Activity: Return the following from the records below: each line, word for word, starting with the line that contains "Hübscher türkischer Teppich" and going on through the line that contains "POI Paris - Hotel", with nothing outside that range.

Dataset records:
BEGIN
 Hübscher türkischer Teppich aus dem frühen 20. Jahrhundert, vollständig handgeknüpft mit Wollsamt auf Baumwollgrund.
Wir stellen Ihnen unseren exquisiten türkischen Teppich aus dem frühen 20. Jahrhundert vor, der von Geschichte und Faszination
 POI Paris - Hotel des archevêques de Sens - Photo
END
BEGIN
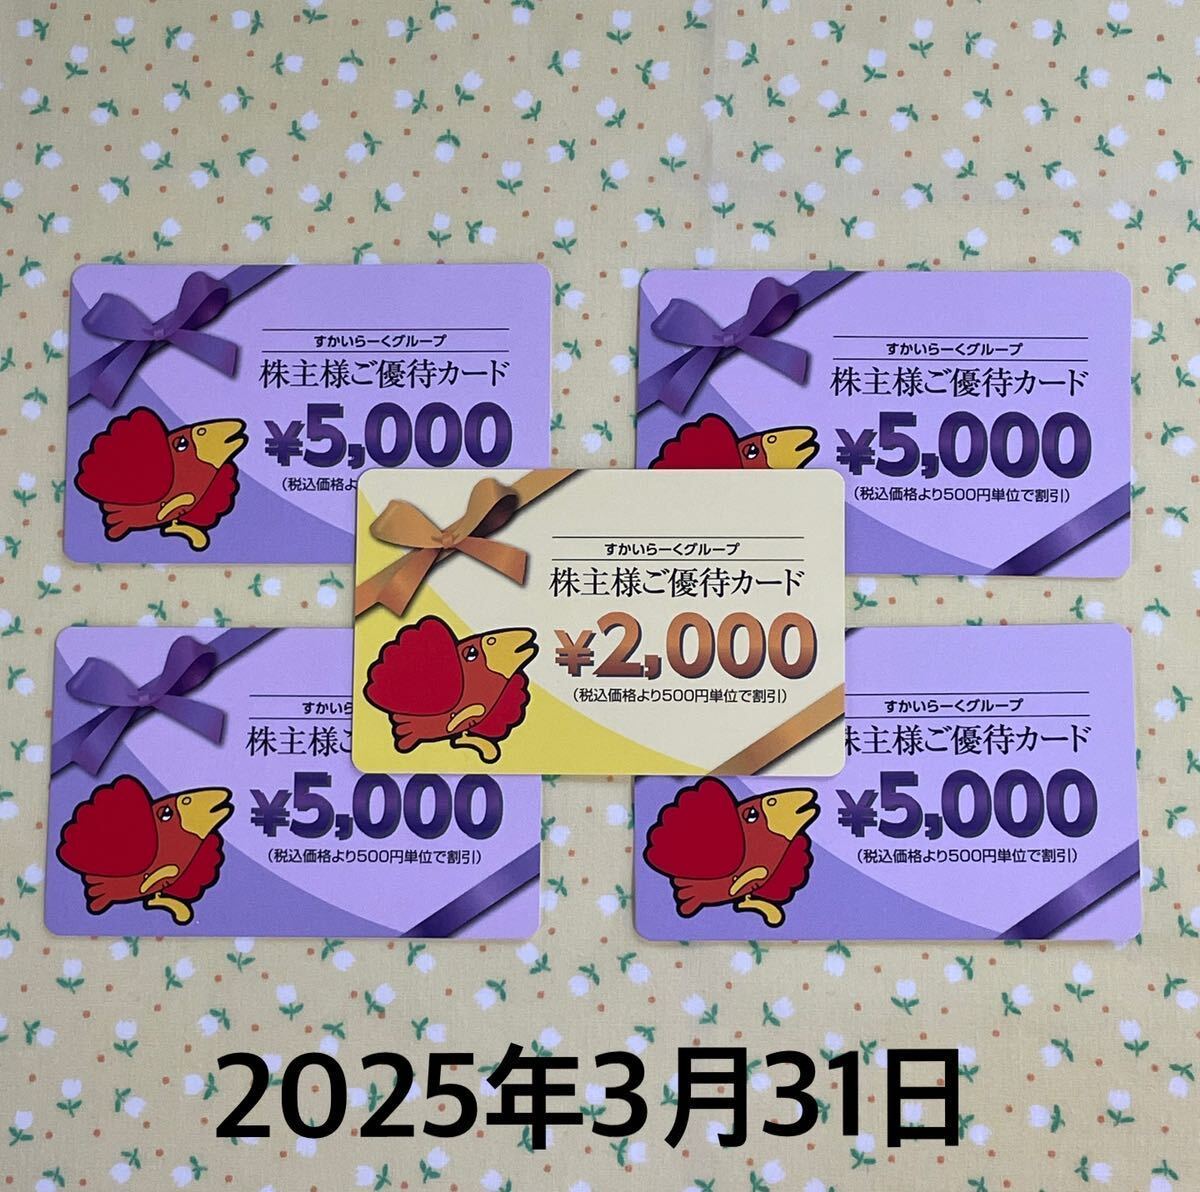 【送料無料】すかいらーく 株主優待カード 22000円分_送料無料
END
BEGIN
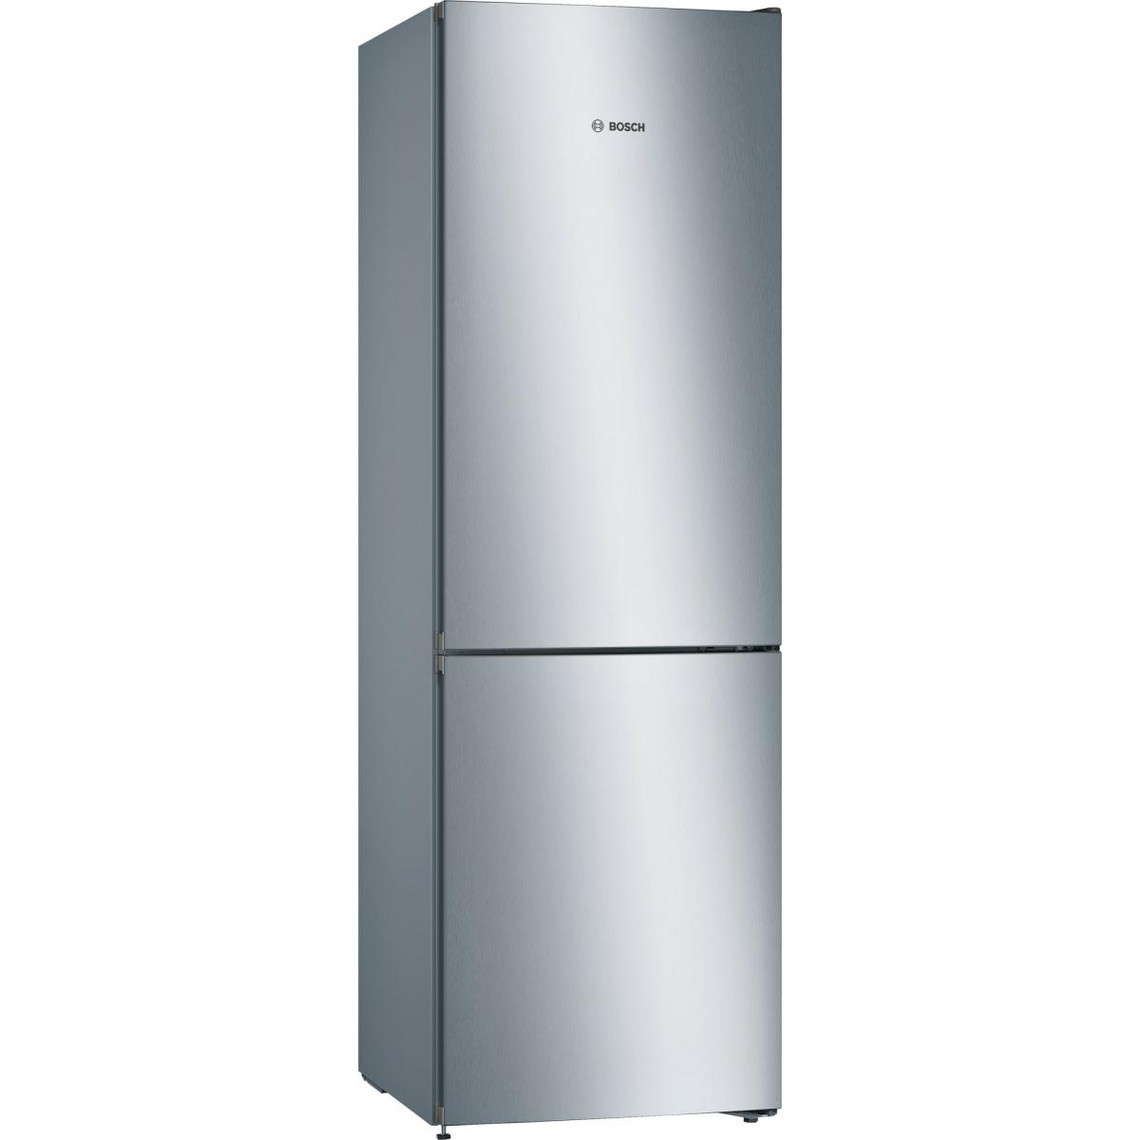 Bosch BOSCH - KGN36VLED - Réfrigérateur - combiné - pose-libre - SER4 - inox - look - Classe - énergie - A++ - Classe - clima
END
Exercise response:
 Hübscher türkischer Teppich aus dem frühen 20. Jahrhundert, vollständig handgeknüpft mit Wollsamt auf Baumwollgrund.
Wir stellen Ihnen unseren exquisiten türkischen Teppich aus dem frühen 20. Jahrhundert vor, der von Geschichte und Faszination
 POI Paris - Hotel des archevêques de Sens - Photo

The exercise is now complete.